• **Required action**:
Output the data below exactly, without images.

• **Dataset excerpt**:
• • • • • • •
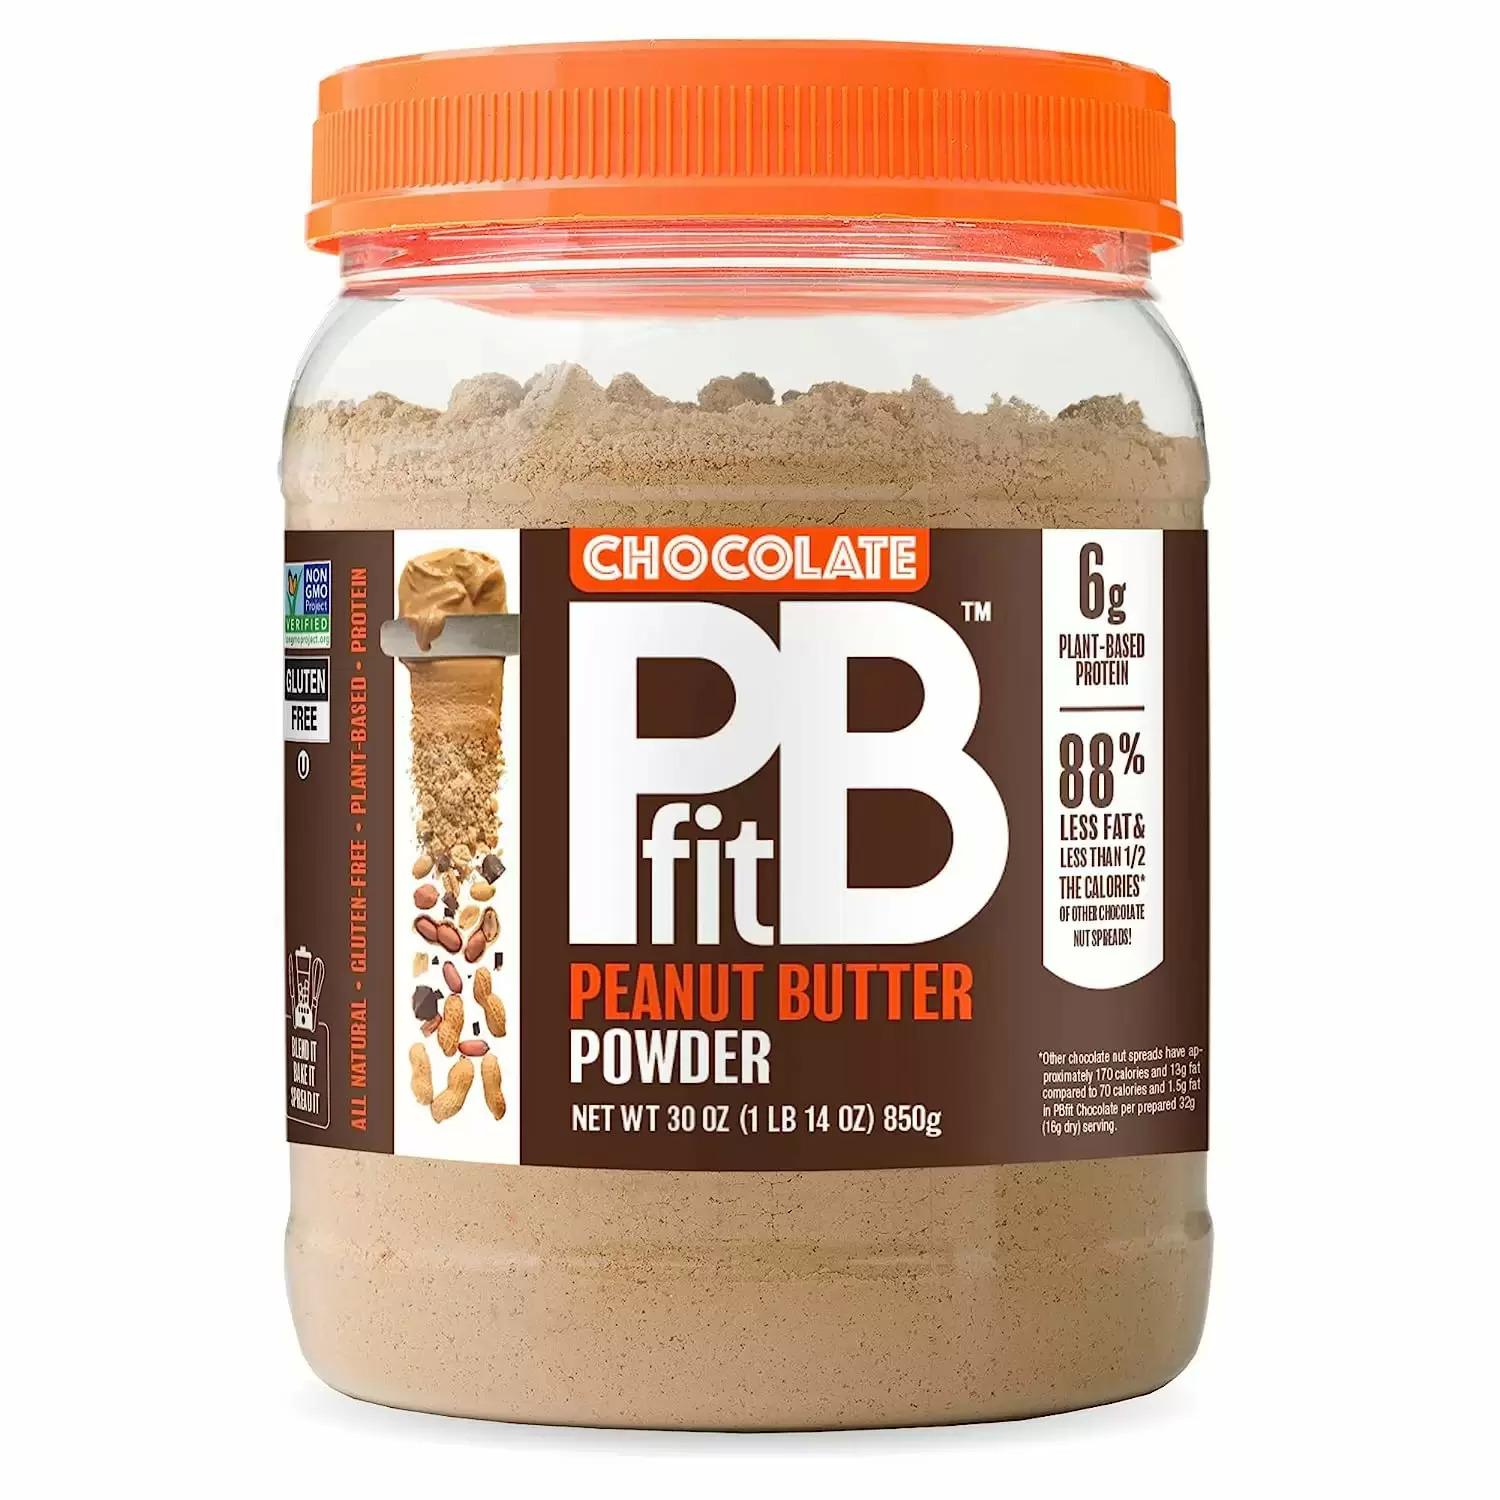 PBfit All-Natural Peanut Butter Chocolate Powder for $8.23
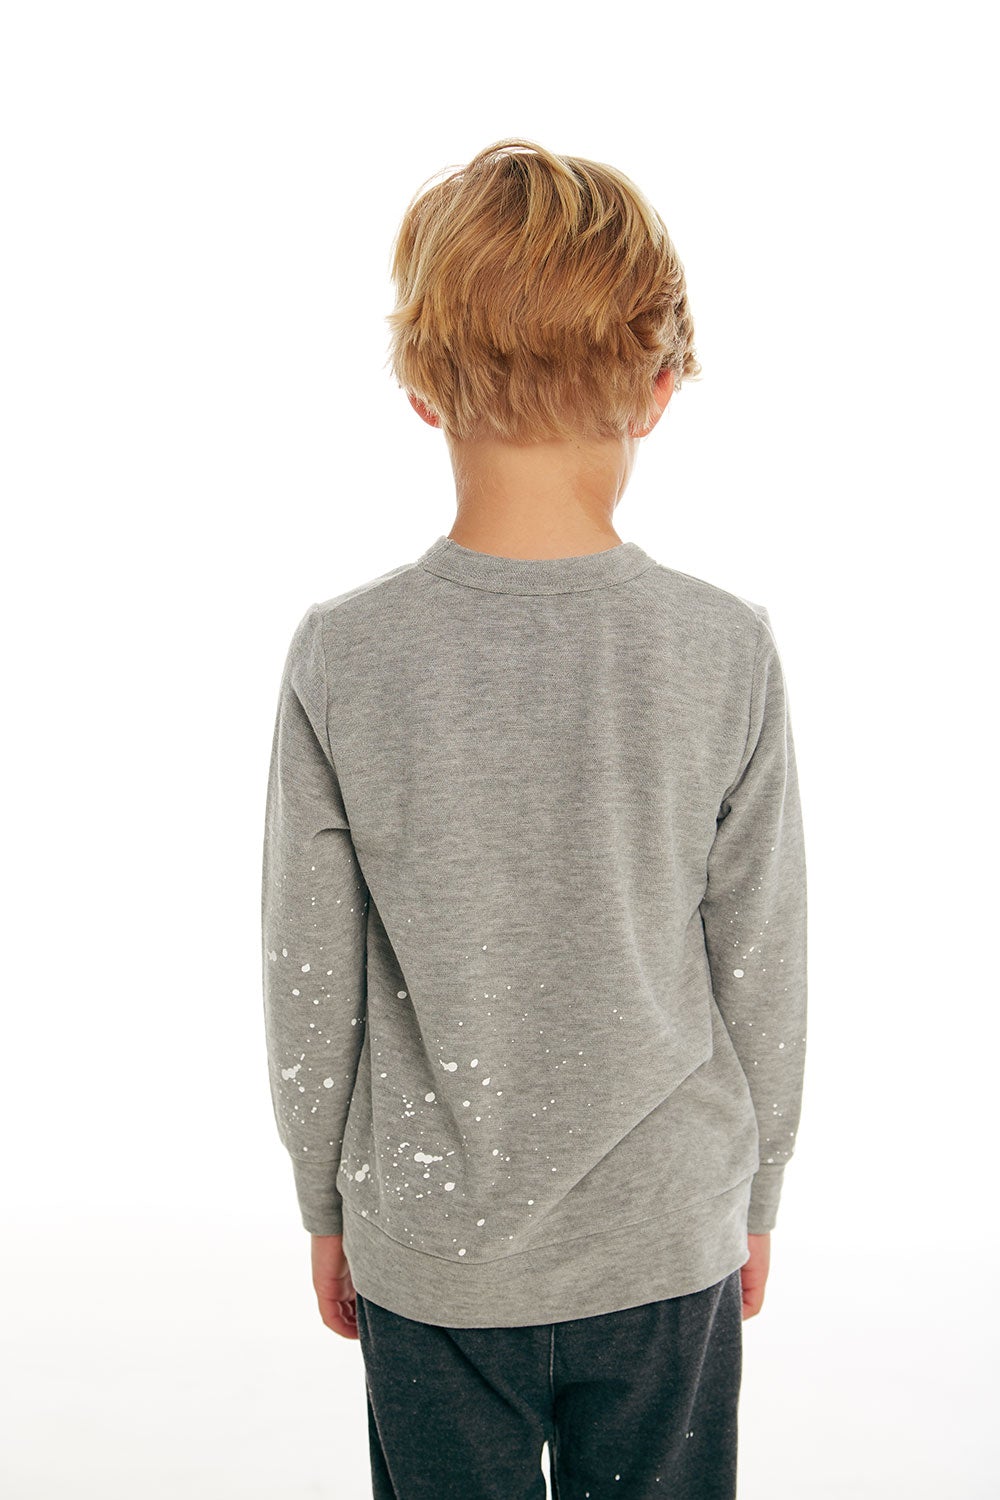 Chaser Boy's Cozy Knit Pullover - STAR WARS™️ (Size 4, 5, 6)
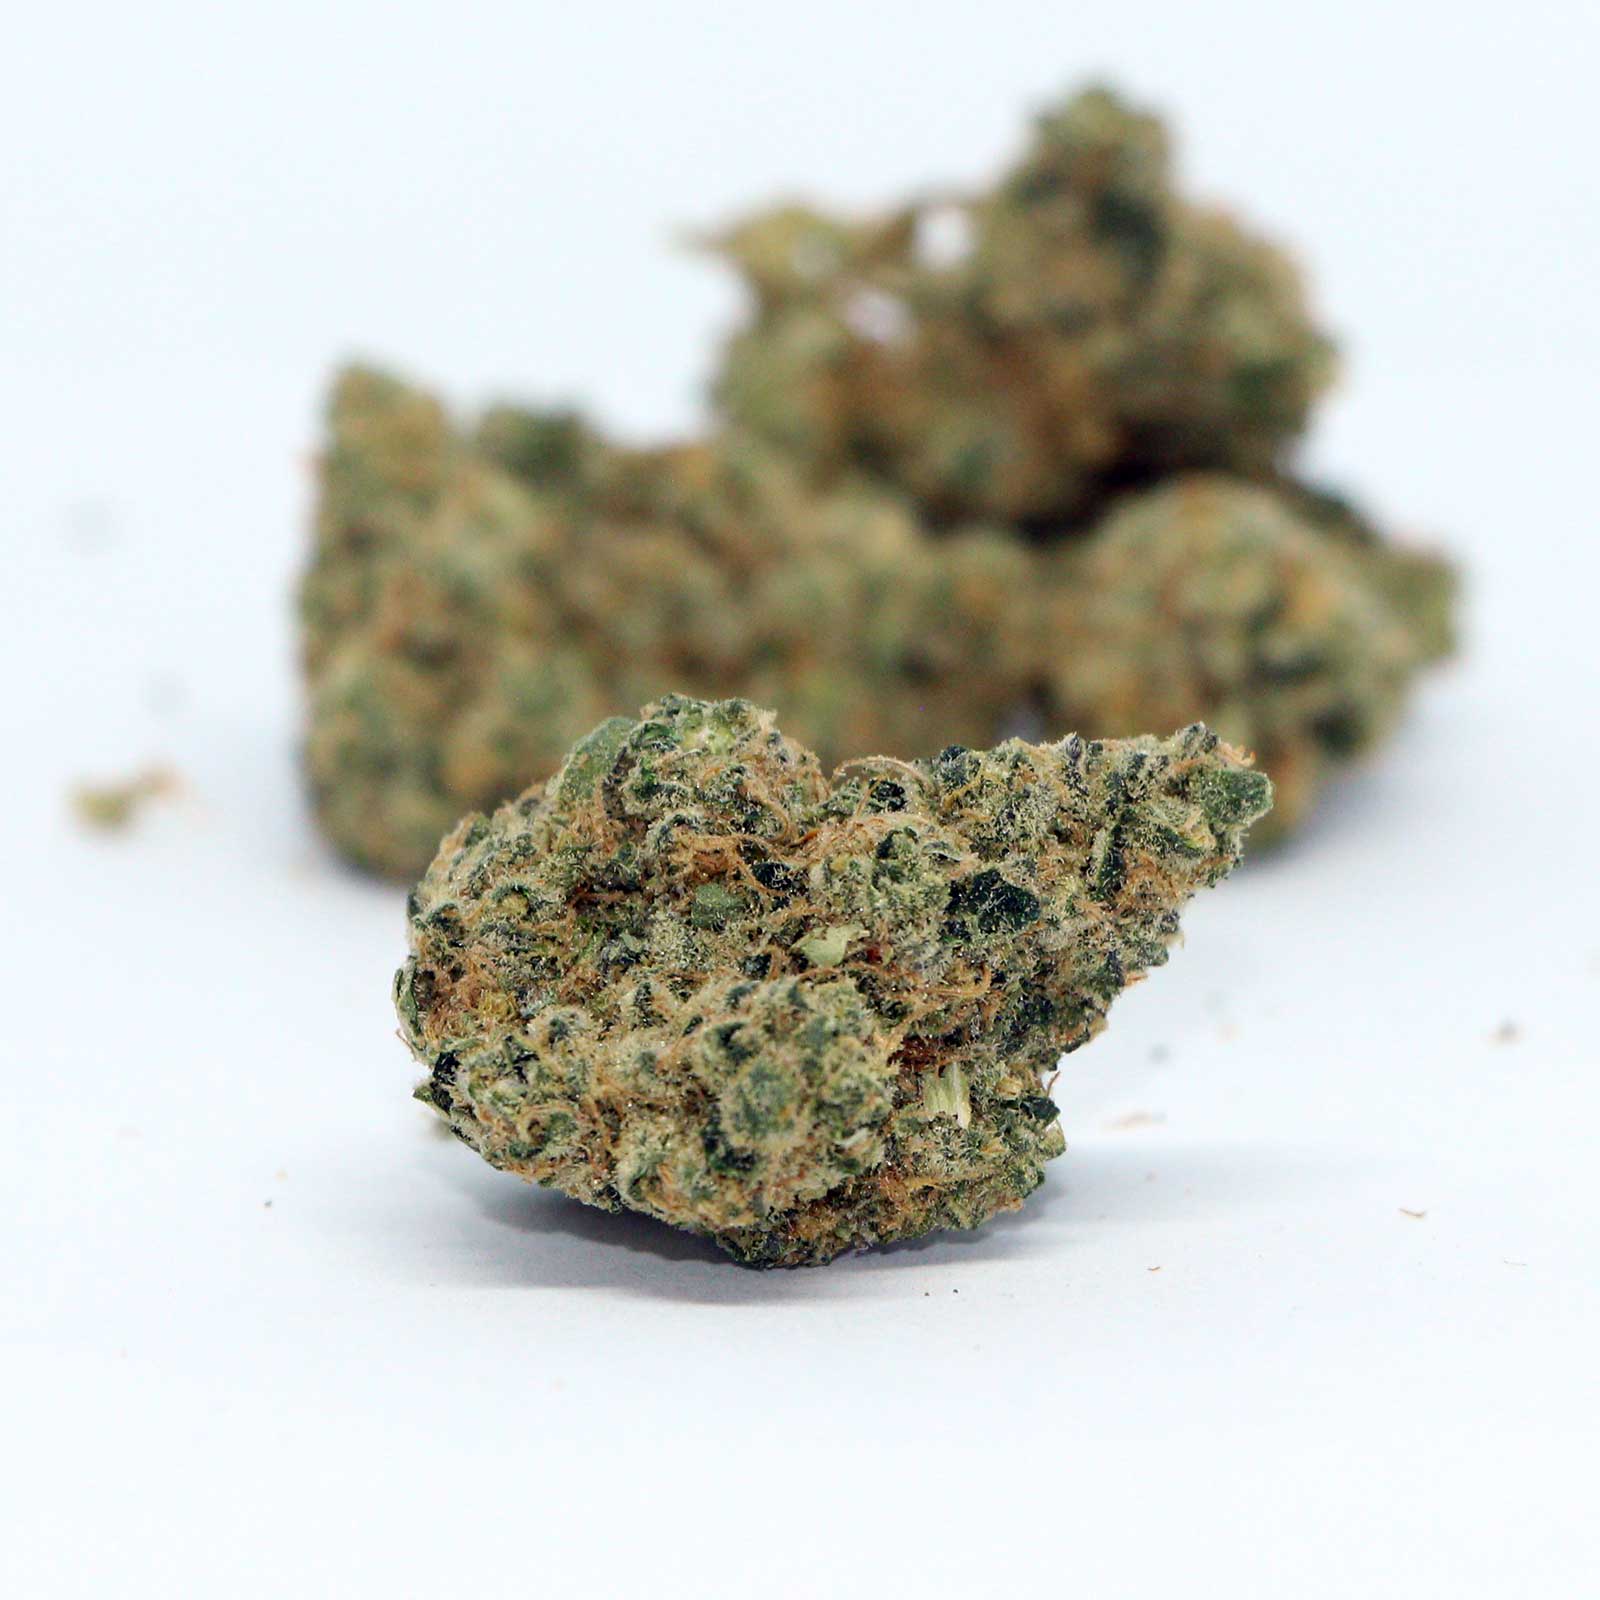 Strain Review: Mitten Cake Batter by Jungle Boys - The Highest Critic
• • • • • • •
• **Answer for this exercise**:
 PBfit All-Natural Peanut Butter Chocolate Powder for $8.23
 Chaser Boy's Cozy Knit Pullover - STAR WARS™️ (Size 4, 5, 6)
 Strain Review: Mitten Cake Batter by Jungle Boys - The Highest Critic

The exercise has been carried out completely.